If an average of $60bn per year, from an economy which will presumably be larger than at present, over the next decade is a significant contribution to reducing the deficit then surely $30bn is a significant tax increase now?

Gary Rogers writes:

Somebody needs to start taking this argument on, whether in this blog post or not. We keep hearing that increased government spending is necessary in a serious recession but there is no basis for the theory. Yes, you can get a temporary increase in economic activity, but it comes at a cost that is generally unseen. The whole argument for increasing government spending depends on ignoring the costs of draining resources out of the private sector to finance the spending while focusing on visible benefits bestowed on its beneficiaries. This argument has been made almost as long as we have had governments. It is tremendously popular because it lets those in charge show how much they care and point to visible benefits that make them appear to be doing something worth while. The argument has been made so often it is now considered to be common knowledge and, as Ms. Romer says, is included in most of the macro-economic models used today. But that does not make it true. The evidence is in the failed policies of the last several years, including many policies of Republican administrations.

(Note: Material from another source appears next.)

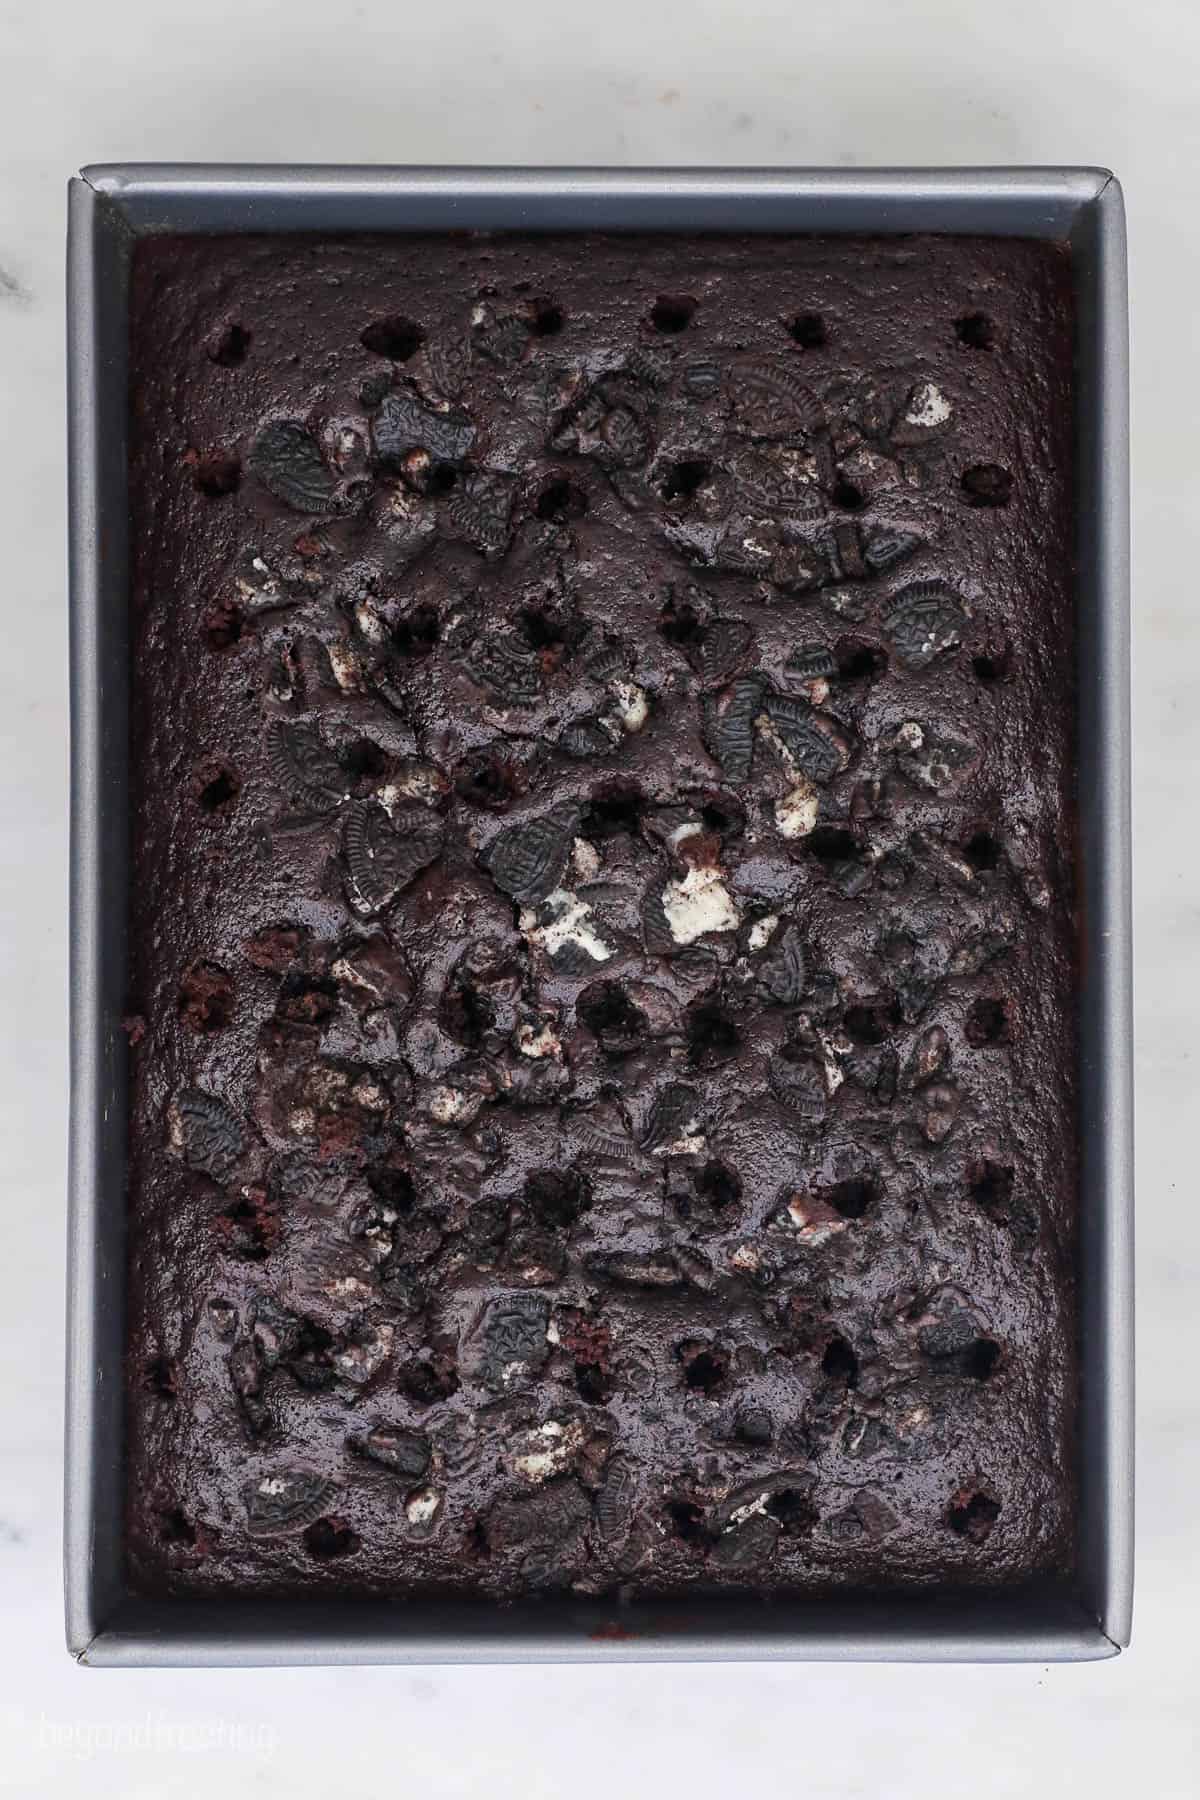 baked chocolate cake with holes poked on top

The evidence is also in FDR’s failure to ever bring the United States out of the Great Depression and in the Japanese attempts to buy their way out of the lost decade of the nineties. Our government cannot spend our way to prosperity.

I am becoming increasingly angry at people, who should know better, failing to challenge the need for increased government spending or for failing to challenge the statement that we would be much worse off if we had not spent trillions of dollars in stimulus. It is simply not true and I challenge anyone to prove that it is.

Bob Murphy writes:

David, unfortunately I have to agree with your detractors here. Romer is saying, "Sure, it raises taxes right away, but the short-term hike is negligible; a mere $30 billion in 2011. But over the decade, it's expected to reduce the deficit by $600 billion."

Now I suppose you could still zing her by saying, "Huh? So cutting the deficit by $63 billion a year [the average from 2012-2021] is fantastic and will matter a lot, but raising taxes by $30 billion in the midst of recession is negligible? At what point does negligible turn into effective? $48 billion?"

But from your post, it didn't seem like you were getting the nuance of her position.

David R. Henderson writes:

@Bob Murphy,
Like Robbie above, I don't think you can say that $30 billion is negligible but $60 billion is not.

Colin K writes:

Let's not forget that the rich exhibit the highest sensitivity to changes in marginal tax rates. At the very least they should not raise the capital gains tax.